Jean-François Ranvier, propriétaire du domaine des Muretins, à Tavel, dans le Gard, accorde beaucoup d'importance à la complémentarité entre les clones. Il réalise des polyclonales à chaque nouvelle plantation. En plus du gain de complexité organoleptique, il cherche à stabiliser ses rendements. « Mes parcelles répondent mieux au climat qui accompagne chaque millésime, confie-t-il. En grenache par exemple, les clones 362 et 513 sont plus coulards que d'autres. Lors des années peu coulardes, ces deux clones sont très qualitatifs, car leurs grappes sont très lâches et leurs baies concentrées. Mais en année défavorable, la récolte peut être mise en péril. La plantation de ces clones avec d'autres moins sensibles à la coulure permet de maintenir la quantité et la qualité de récolte pour chaque millésime. »

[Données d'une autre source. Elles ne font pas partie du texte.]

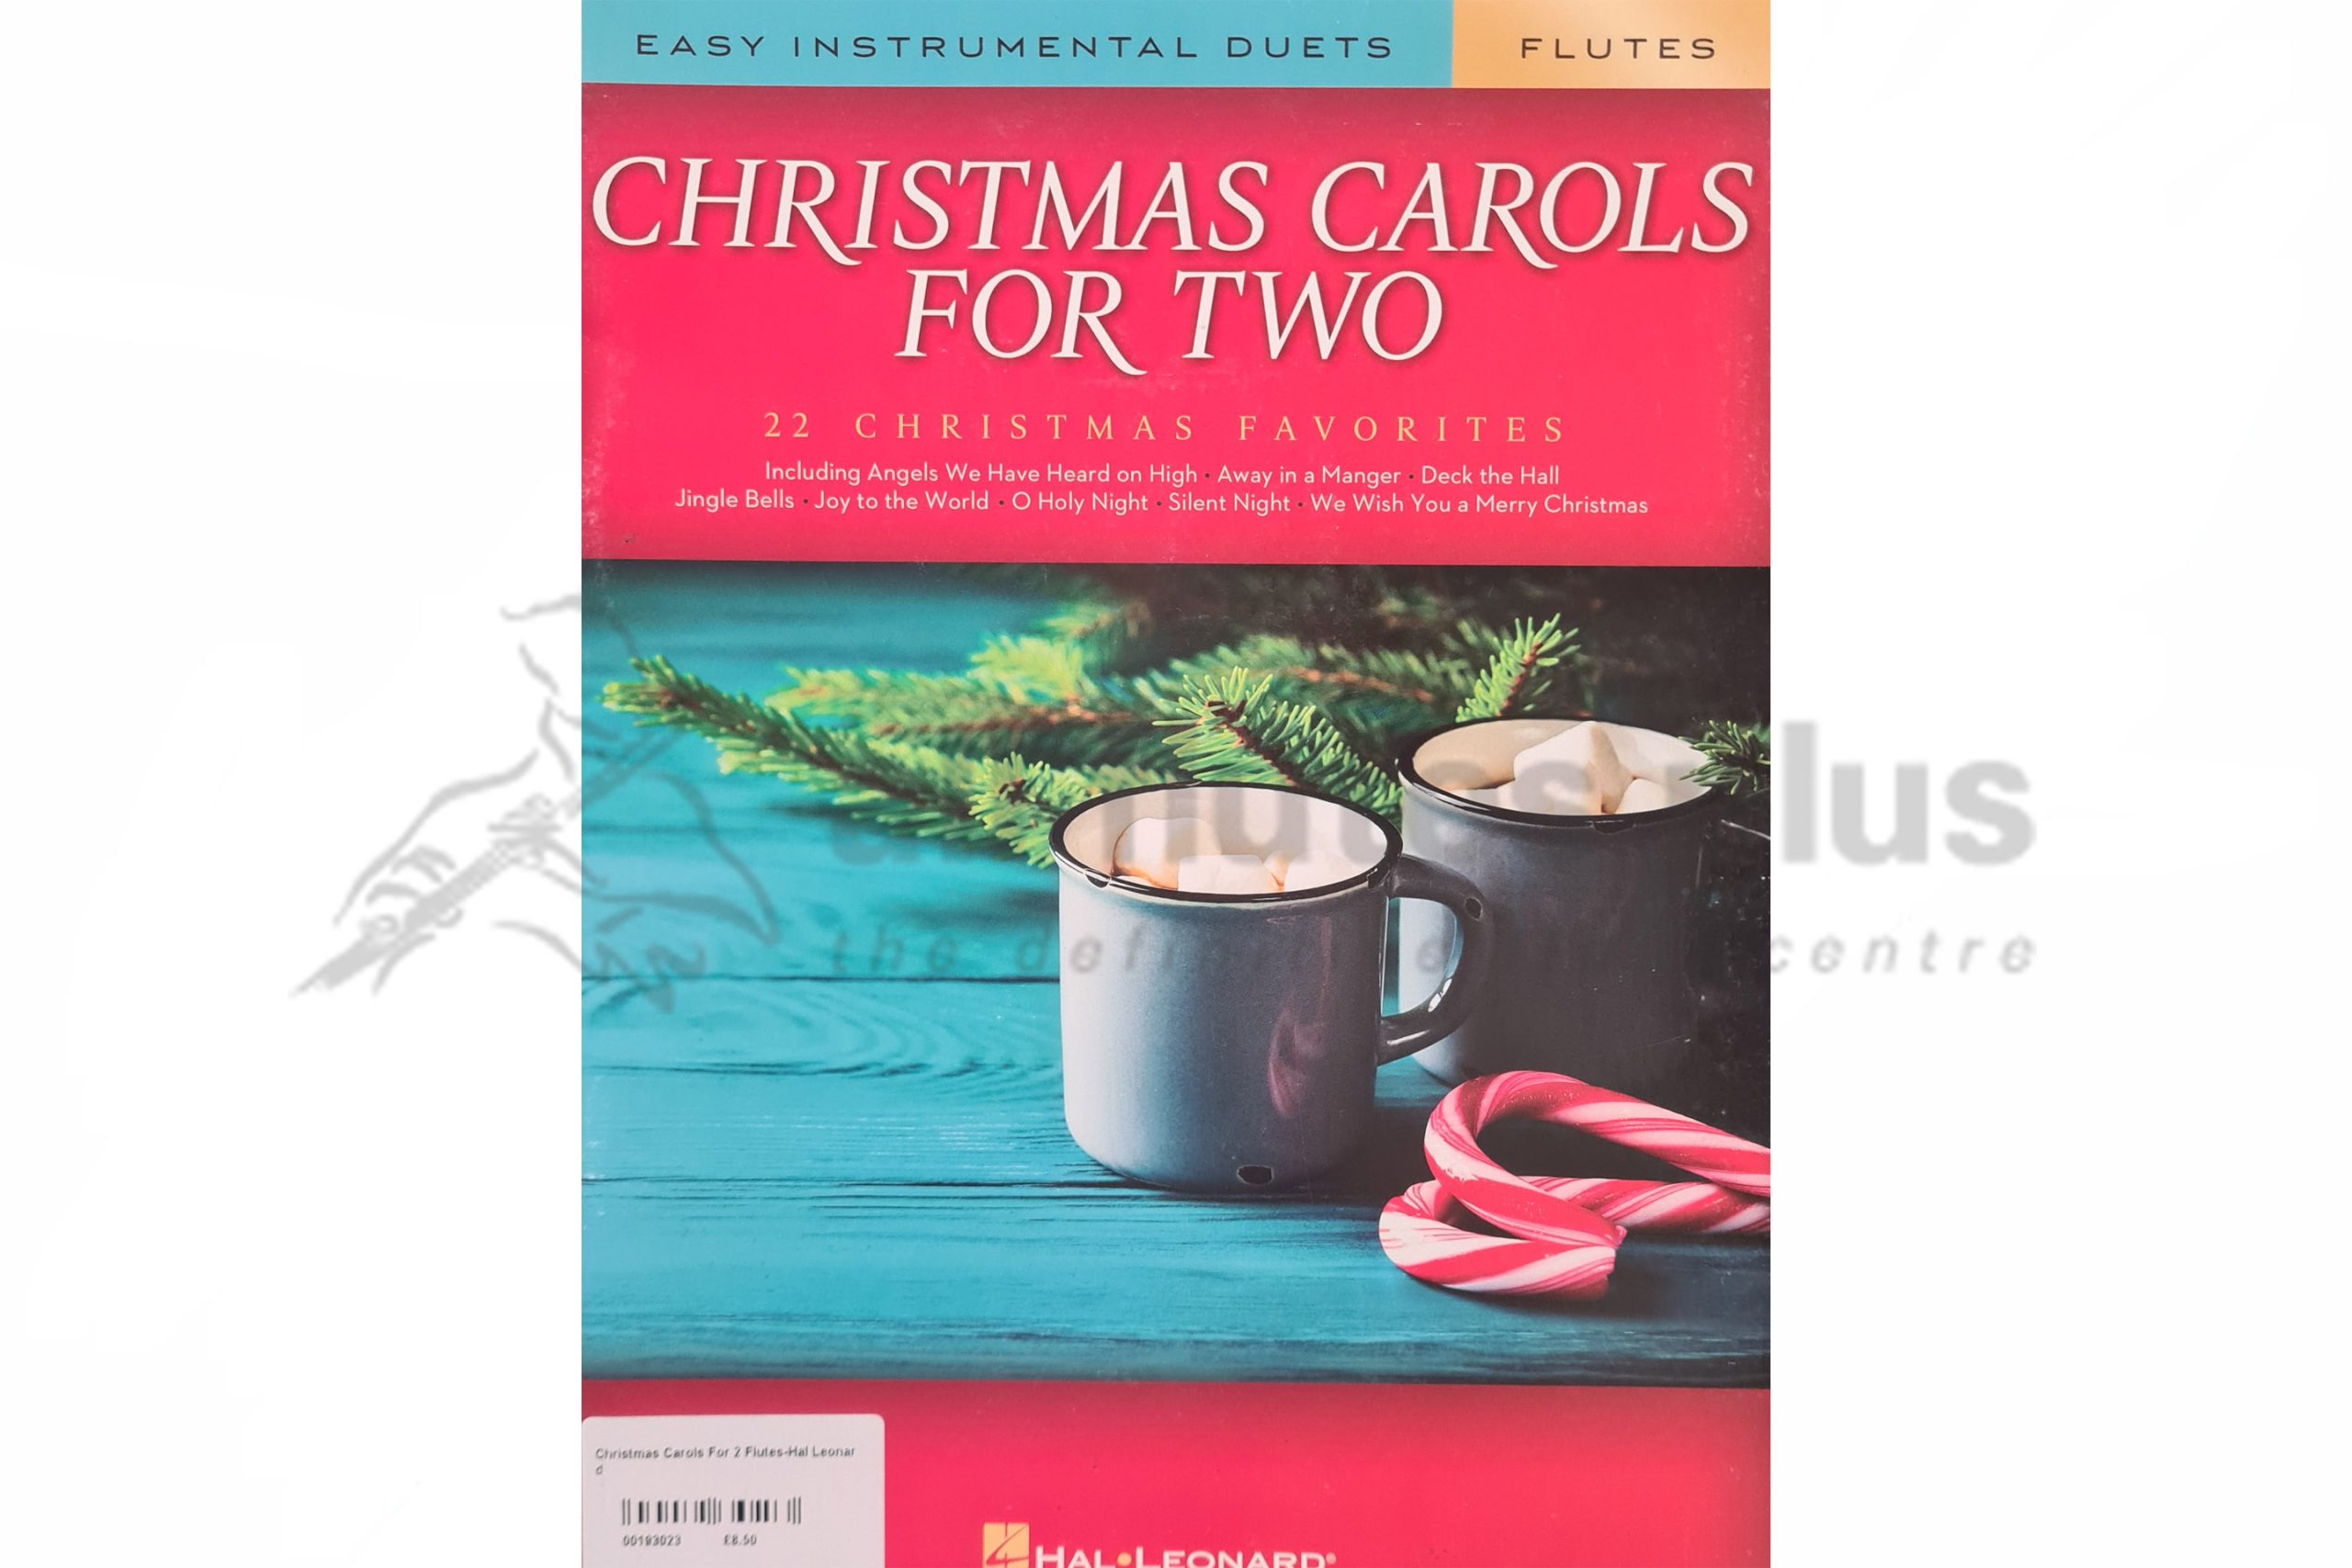 Christmas Carols for Two Flutes-Easy Instrumental Duets

À la recherche de nouveaux clones. Il mène la même réflexion sur la sensibilité à la pourriture grise. En année humide, les clones à grappes lâches comme le 362 permettent d'assurer un bon état sanitaire. En années sèches, les baies plus grosses du clone 1064 garantissent un rendement correct.

Afin de préserver la diversité au vignoble, les prospections continuent. Pour les cépages principaux, il s'agit de trouver de nouveaux clones aux caractéristiques particulières. Pour les cépages secondaires, il s'agit tout simplement d'en trouver. Pour 63 variétés, aucun clone n'est à ce jour agréé. Le carignan blanc est dans ce cas. Des prospections ont été menées récemment dans le Languedoc, car ce cépage oublié semble revenir à la mode.

Une priorité : conserver la biodiversité

À travers un gros travail de recensement et de prospection dans les vignes les plus anciennes, les conservatoires régionaux ont pour objectif de regrouper, conserver et maintenir la plus large diversité possible au sein d'un cépage donné. Lorsque toutes les vieilles parcelles auront été arrachées, ces conservatoires seront l'unique ressource pour de prochaines sélections clonales. Gérés par l'Inra ou l'IFV, il en existe à ce jour plus de 150. Au château de Mons, à Caussens, dans le Gers, 129 variétés du Sud-Ouest sont ainsi conservées sur 8 ares. La prospection reste très active afin de conserver le plus de biodiversité possible, tant pour les cépages principaux que pour les variétés secondaires, comme le mouyssaguès ou le fel blanc.

Quand les clones ne suffisent plus...

Pour Christophe Hébinger, responsable de la pépinière du même nom, à Eguisheim (Haut-Rhin), en Alsace, rien ne vaut la sélection massale pour amener complexité et richesse au vin. Engagé dans cette démarche depuis 1987, il propose à ses clients des sélections massales provenant d'une quinzaine de parcelles, toutes agréées par FranceAgriMer. Au départ, des viticulteurs souhaitaient conserver le patrimoine d'une de leurs vieilles parcelles leur donnant satisfaction. Christophe Hébinger a réalisé ce travail à leur demande. En même temps, il a observé les aptitudes agronomiques (productivité, précocité et richesse en sucre à la récolte) de ces différentes parcelles. Puis il a demandé à leurs exploitants l'autorisation de diffuser les bois des plus intéressantes de ces vignes. Il commercialise ainsi une quinzaine de sélections massales provenant d'autant de parcelles différentes. Beaucoup de ses clients se tournent vers elles, mais ils déplorent l'impossibilité de toucher les primes à la restructuration pour ce type de plantation.